Bright future for Forestry Commission in England

7 Nov 2017 06:09 PM

The Environment Minister has announced new arrangements for the Forestry Commission in England.

New changes to strengthen the role of the Forestry Commission and protect England’s forests for future generations were announced yesterday by Environment Minister Thérèse Coffey.

From April 2019 Scottish Ministers will take on full responsibility for their national forests – meaning the Forestry Commission will remain in England, continuing to protect, improve and expand some of the country’s best-known landscapes, from the Forest of Dean to Northumberland’s Kielder Forest.

The Commission will continue to manage more than 250,000 hectares of England’s Public Forest Estate, with a new board of Commissioners established to oversee this.

The world-renowned Forest Research will remain as an agency of the Forestry Commission, working closely with partners across the UK.

Environment Minister Thérèse Coffey said:

Our forests and woodlands are vital for providing timber, protecting wildlife, and helping us improve our environment for the next generation.

Public forests in particular are one of our greatest national assets, and the Forestry Commission’s work to enhance woodlands across England remains at the heart of our environmental ambitions.

These arrangements provide certainty for the Commission and its staff, helping some of our most precious landscapes thrive into the future.

The Forestry Commission will maintain its specialist forestry expertise, continuing to offer support, advice and guidance to land owners and managers responsible for England’s woodlands.

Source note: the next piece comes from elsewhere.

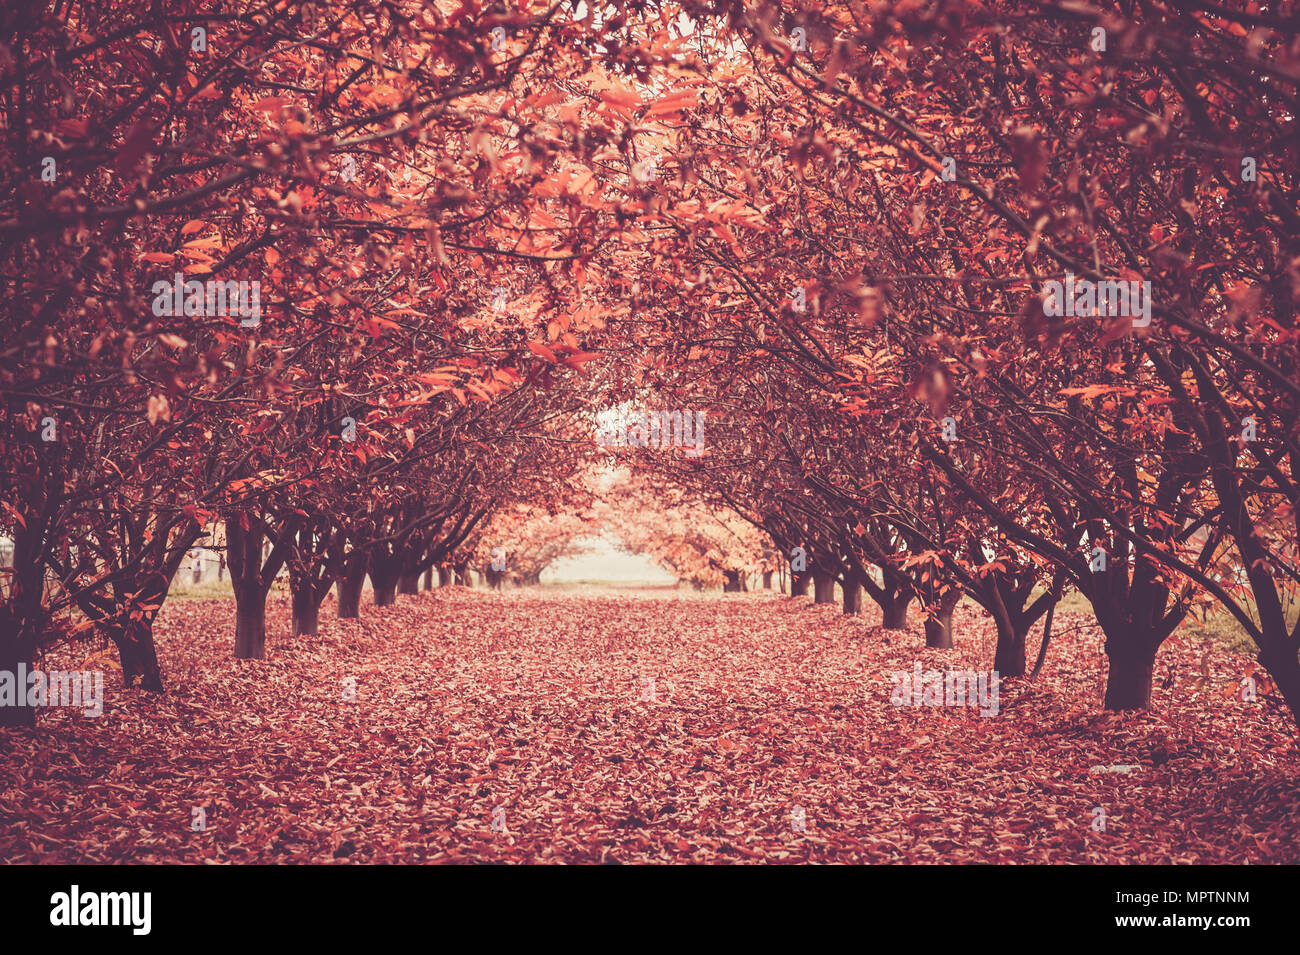 Lange Straße in der Mitte des magischen Wald. Herbst im Freien. Rote Töne und Bäume auf beiden Seiten. Licht am Ende. Stockbild

The new Board of Commissioners will bring strong experience in commercial, community and environmental backgrounds that will complement the work of the new organisation.

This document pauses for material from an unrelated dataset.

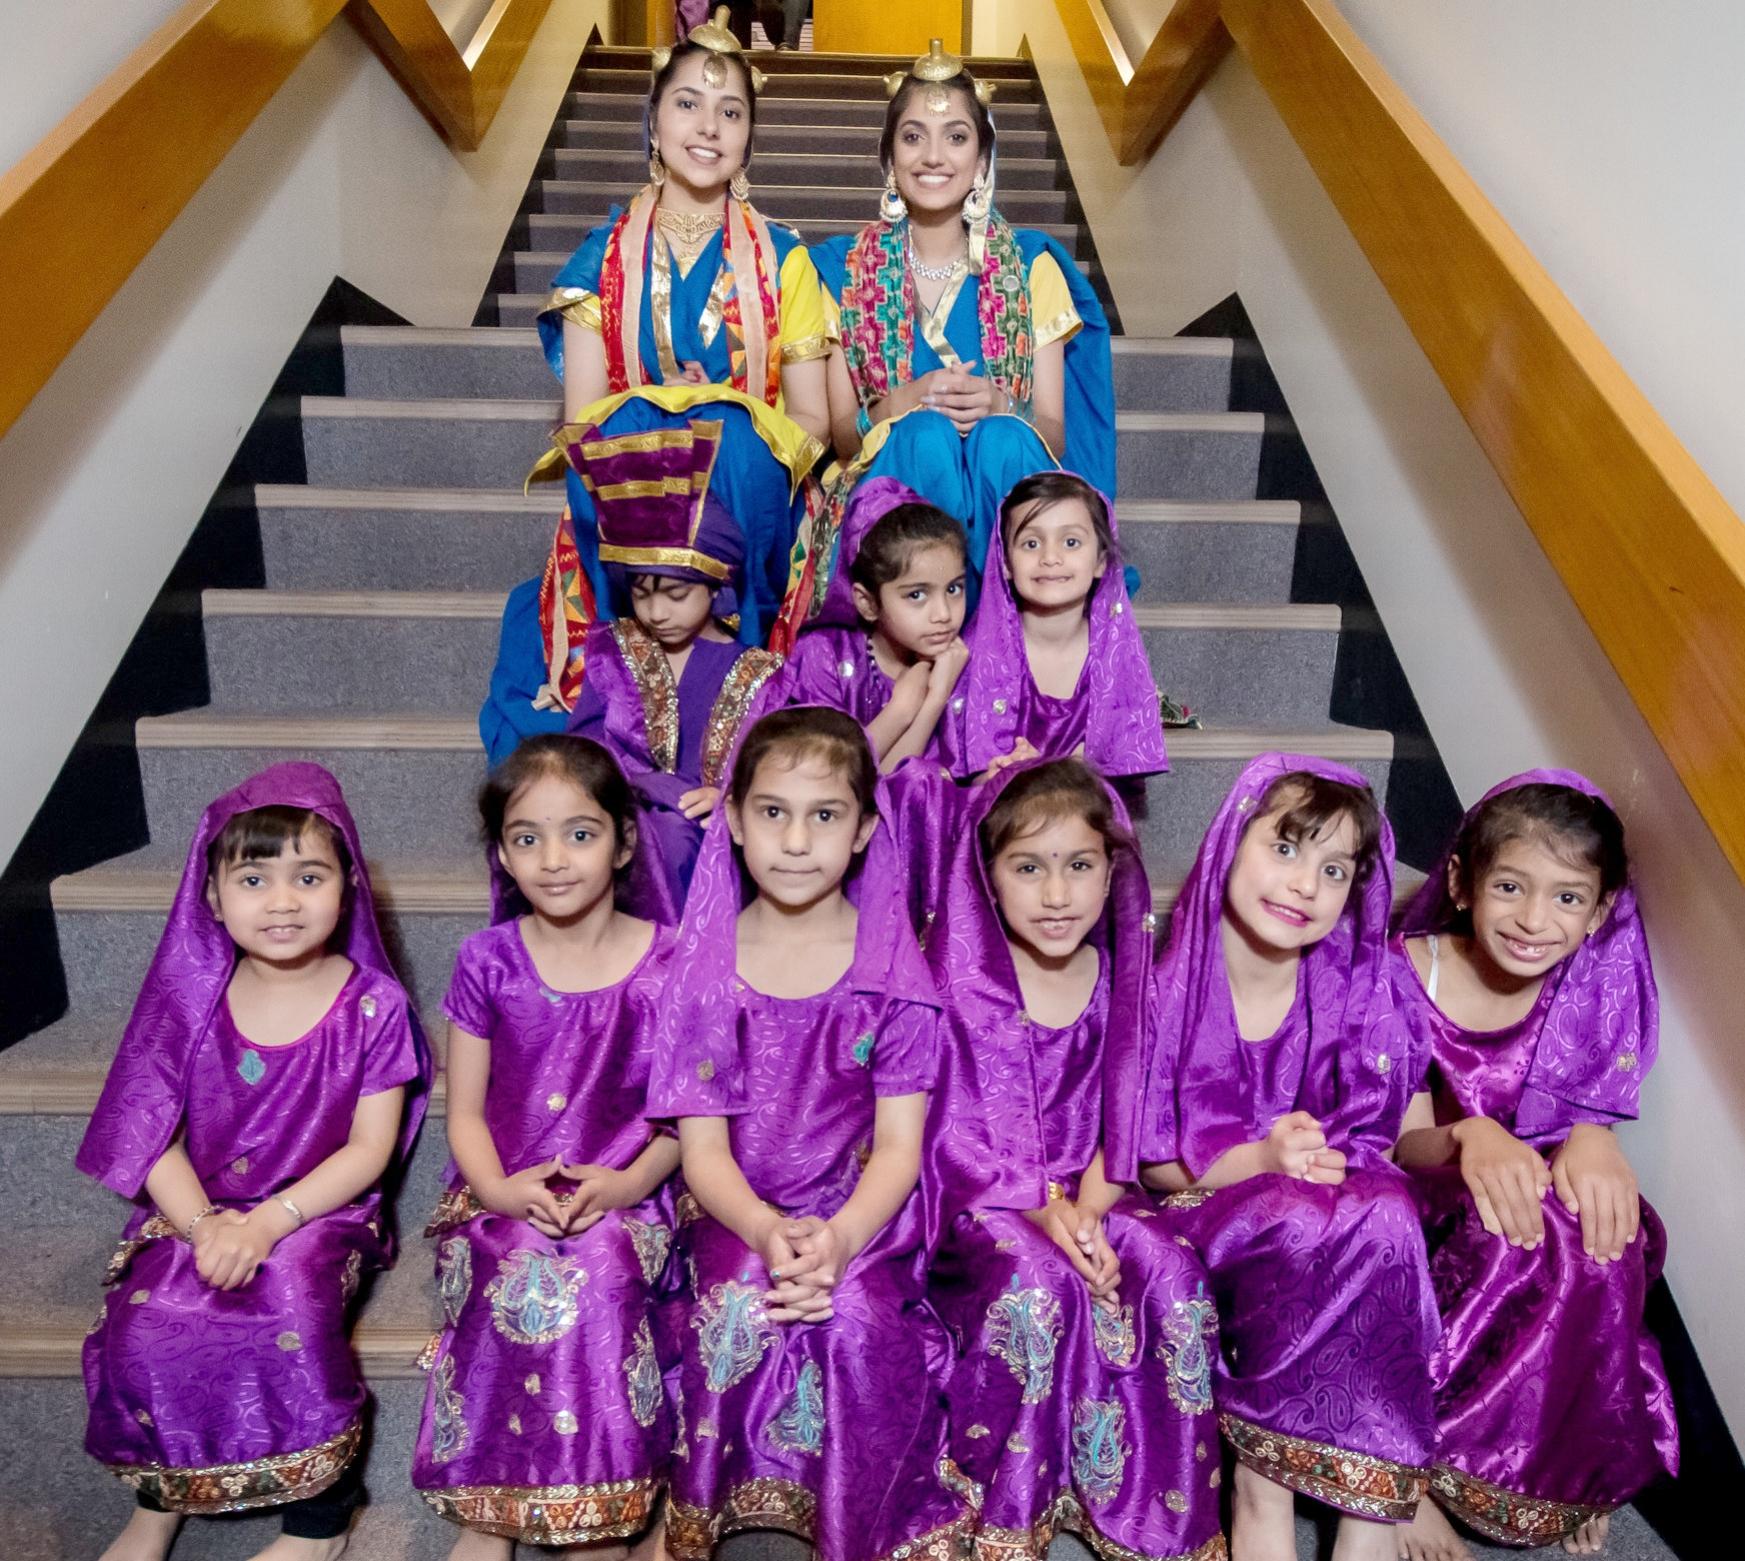 20170514 - Shan-e-Punjab Vaisakhi performance-0004.jpg

The changes will coincide with the Forestry Commission’s Centenary year in 2019.

Sir Harry Studholme, Chair of the Forestry Commission, said:

This is an exciting moment for the Forestry Commission. After nearly a century of creating and managing Britain’s forests, the transfer of formal responsibility for Scotland’s forests to the Scottish Government will allow the Forestry Commission in England to increase its focus on the needs of English users.

This will strengthen the Commission in its role of safeguarding and protecting the Public Forest Estate now and for the next 100 years.

The English, Scottish and Welsh Governments will continue to work together to commission forest research, sustain high standards for forestry in the UK, and protect trees against pests and diseases.